## Data segment
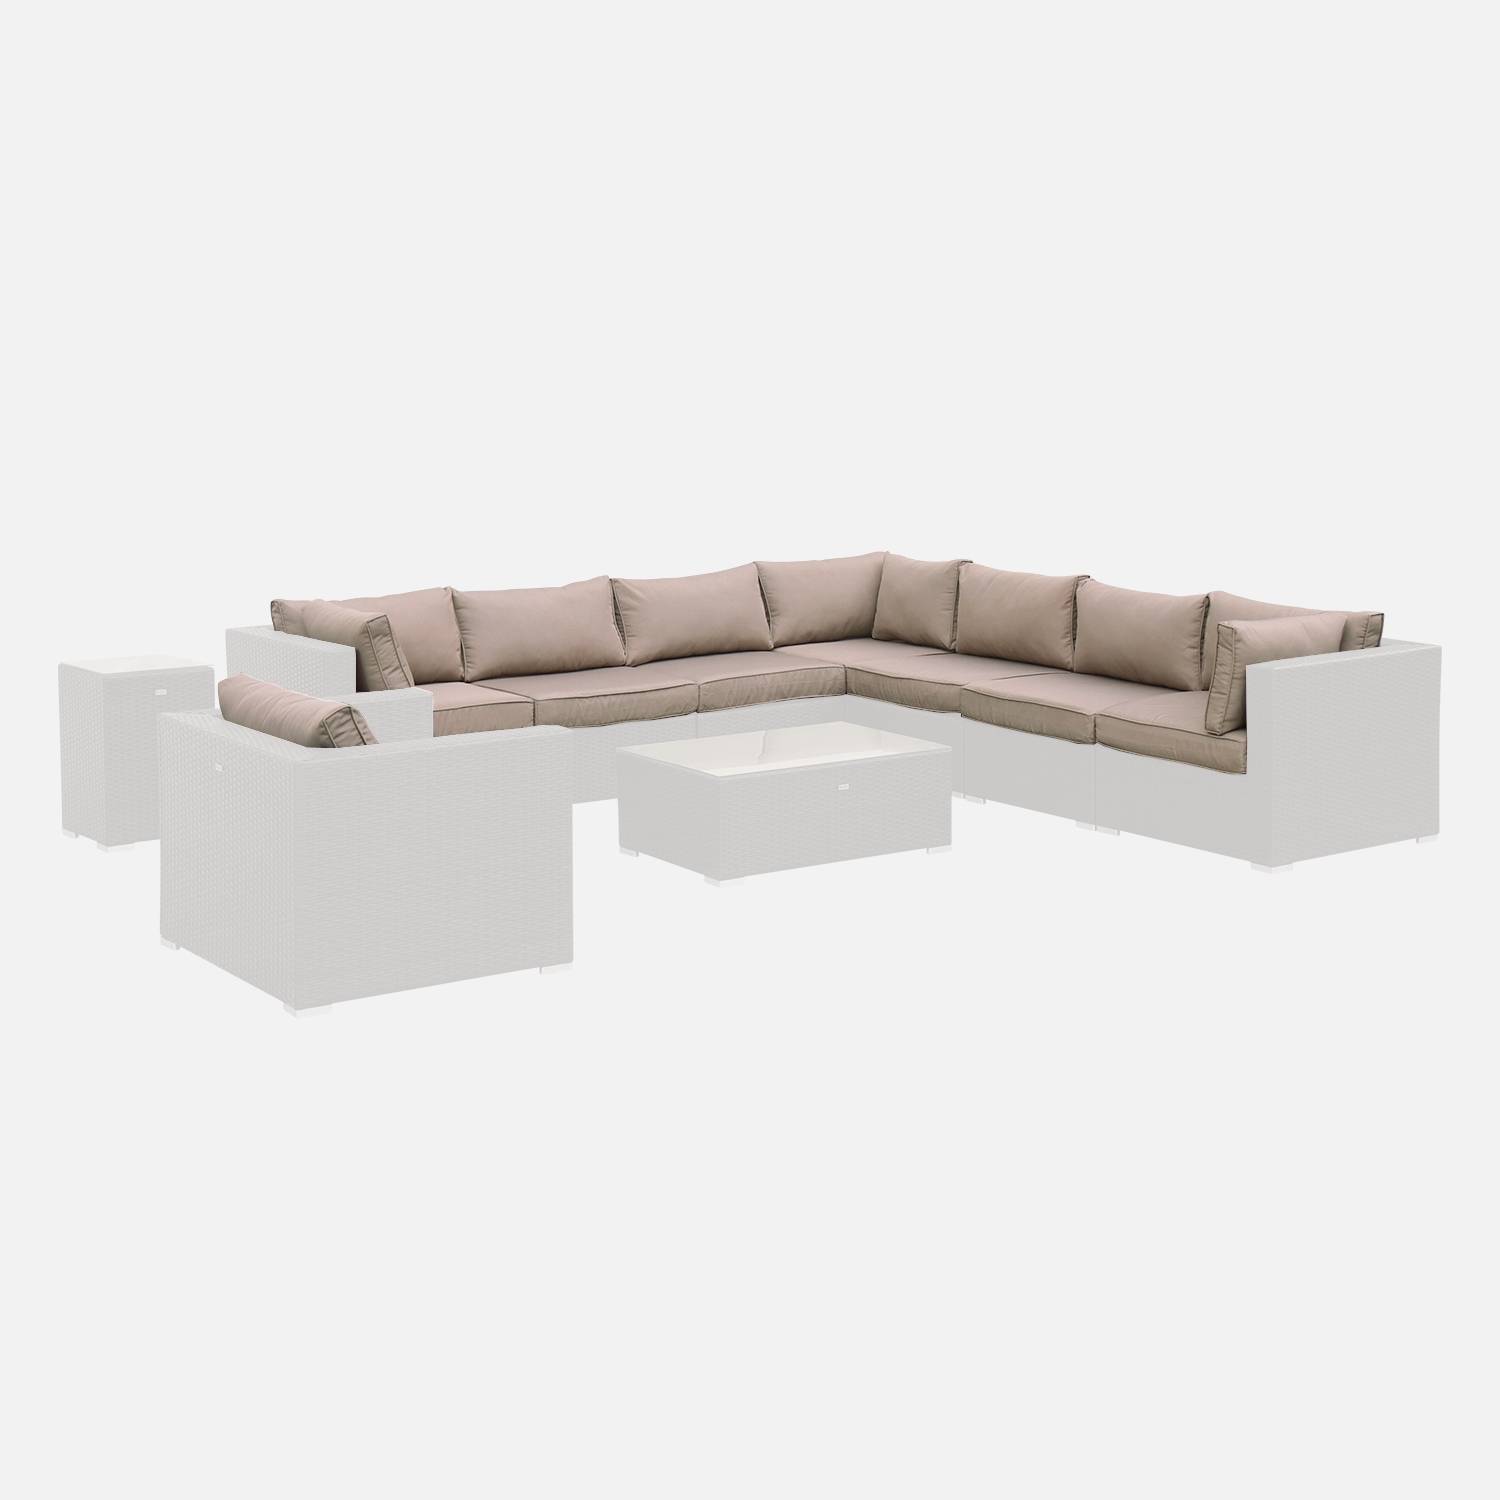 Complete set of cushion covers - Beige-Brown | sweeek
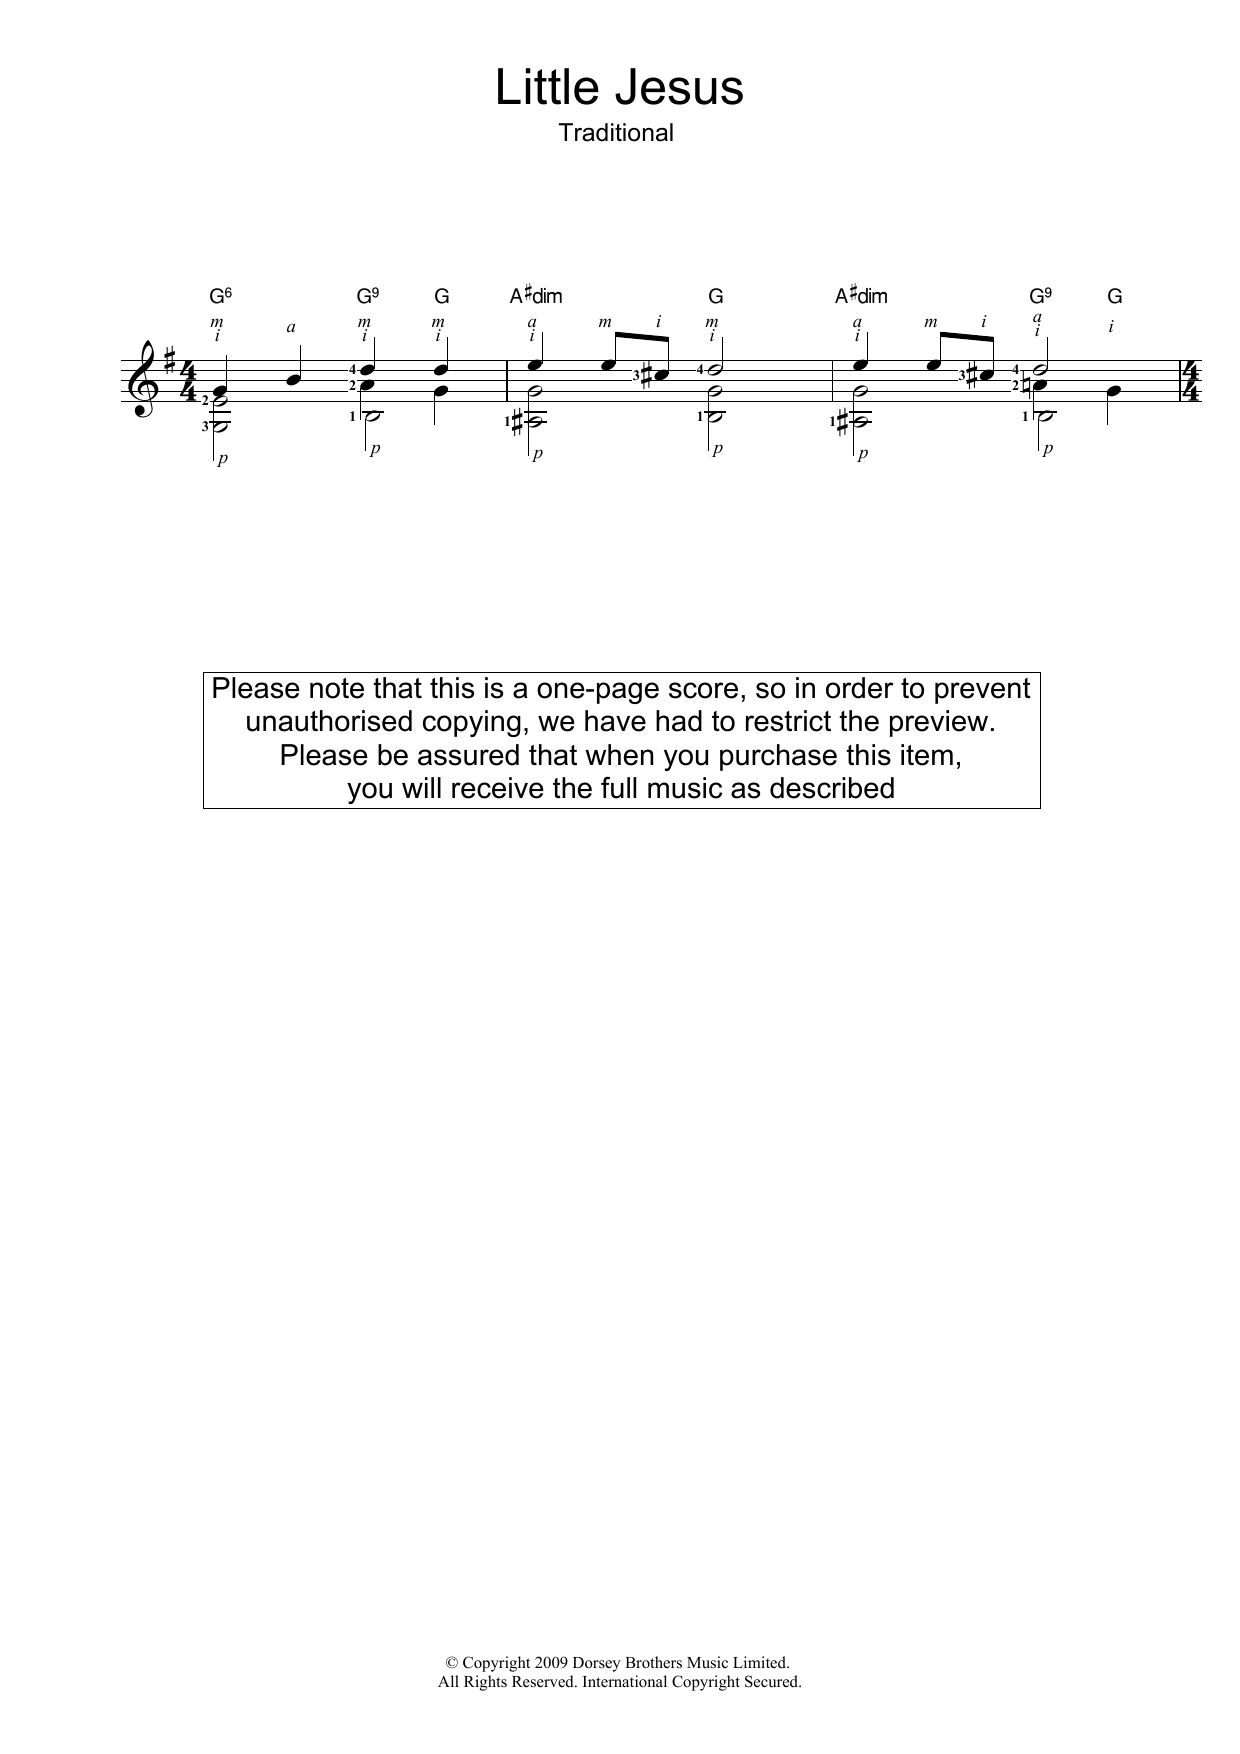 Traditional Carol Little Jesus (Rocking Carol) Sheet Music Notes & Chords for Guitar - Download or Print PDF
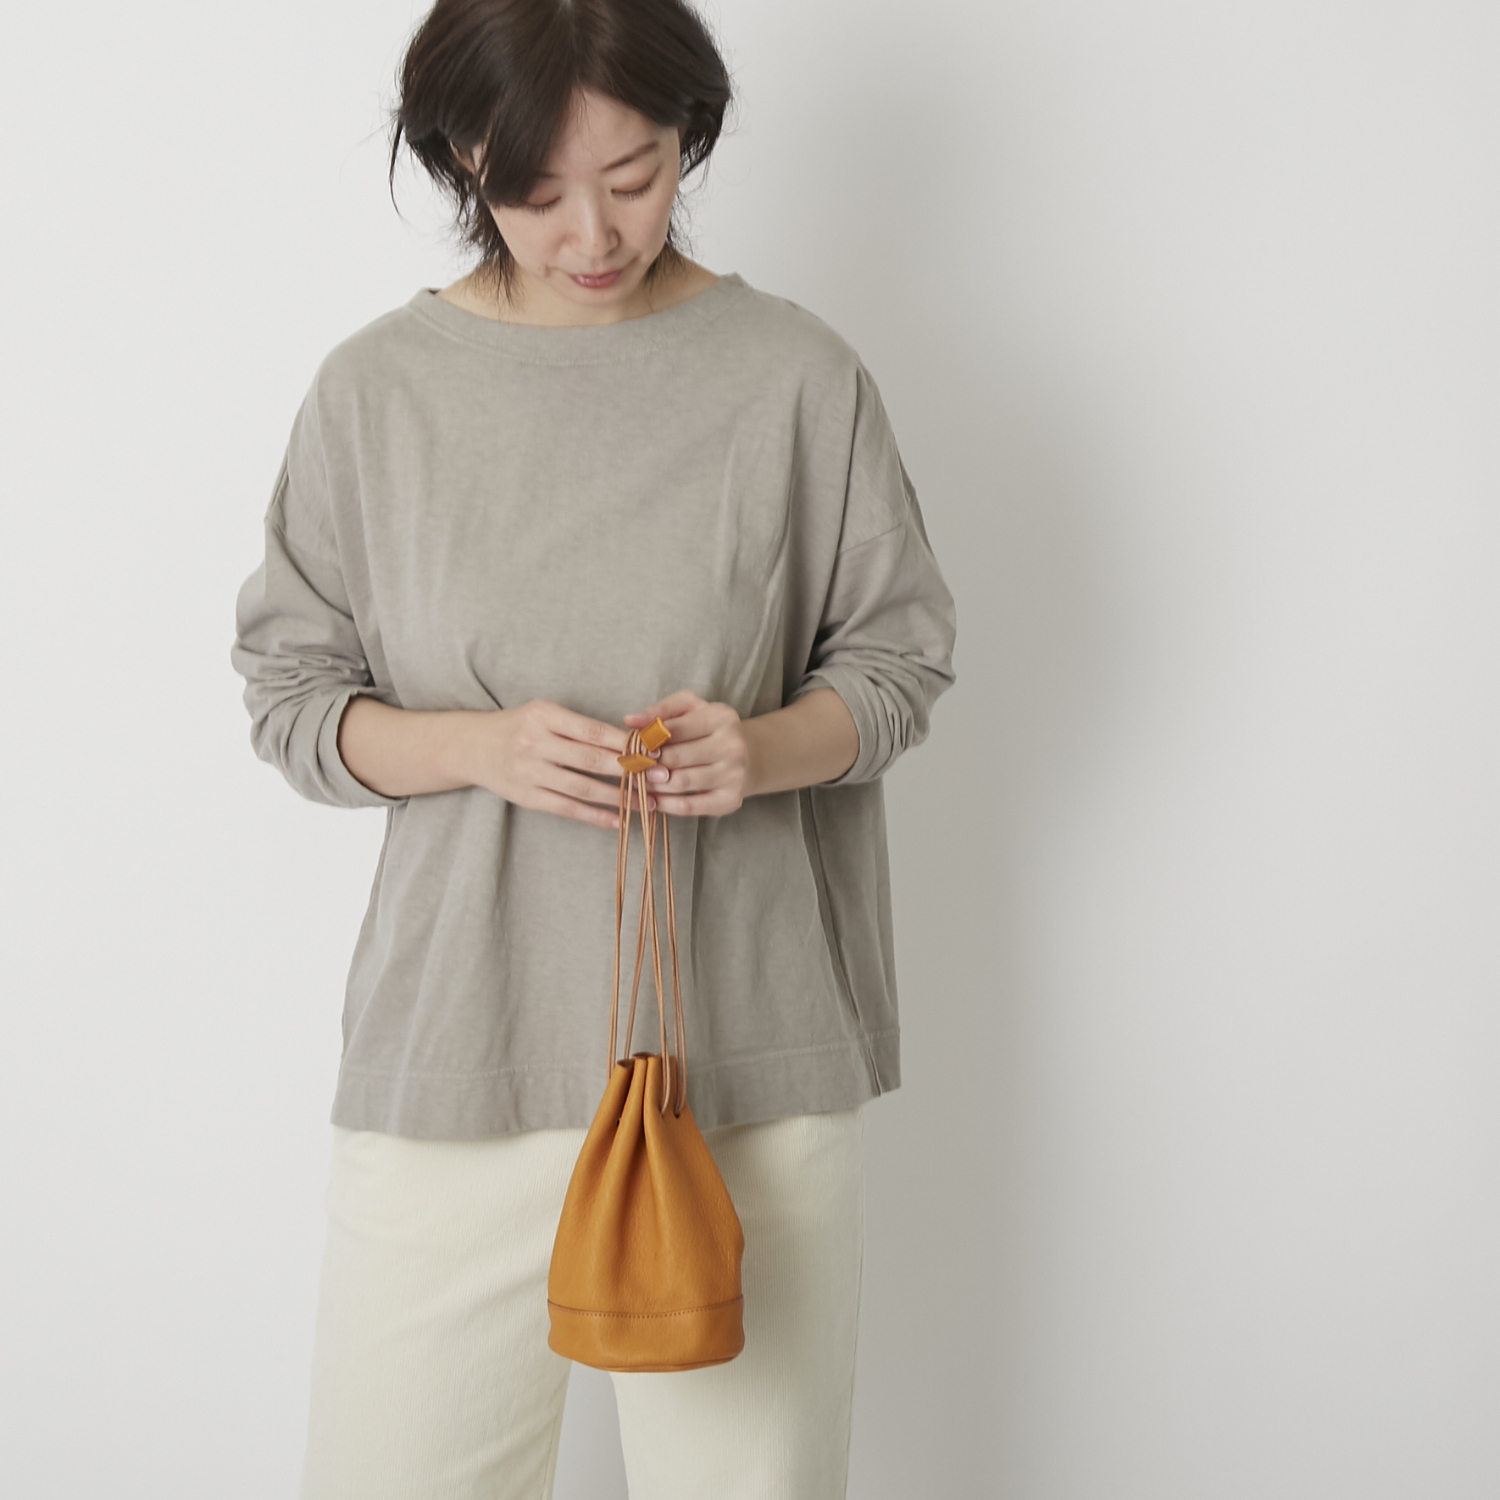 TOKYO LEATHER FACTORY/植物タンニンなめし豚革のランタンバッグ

## What you need to do
With pictures excluded, copy exactly the lines from the line containing "Traditional Carol Little" through the last line of the listing above, both ends included.

## Reply to the task
 Traditional Carol Little Jesus (Rocking Carol) Sheet Music Notes & Chords for Guitar - Download or Print PDF
 TOKYO LEATHER FACTORY/植物タンニンなめし豚革のランタンバッグ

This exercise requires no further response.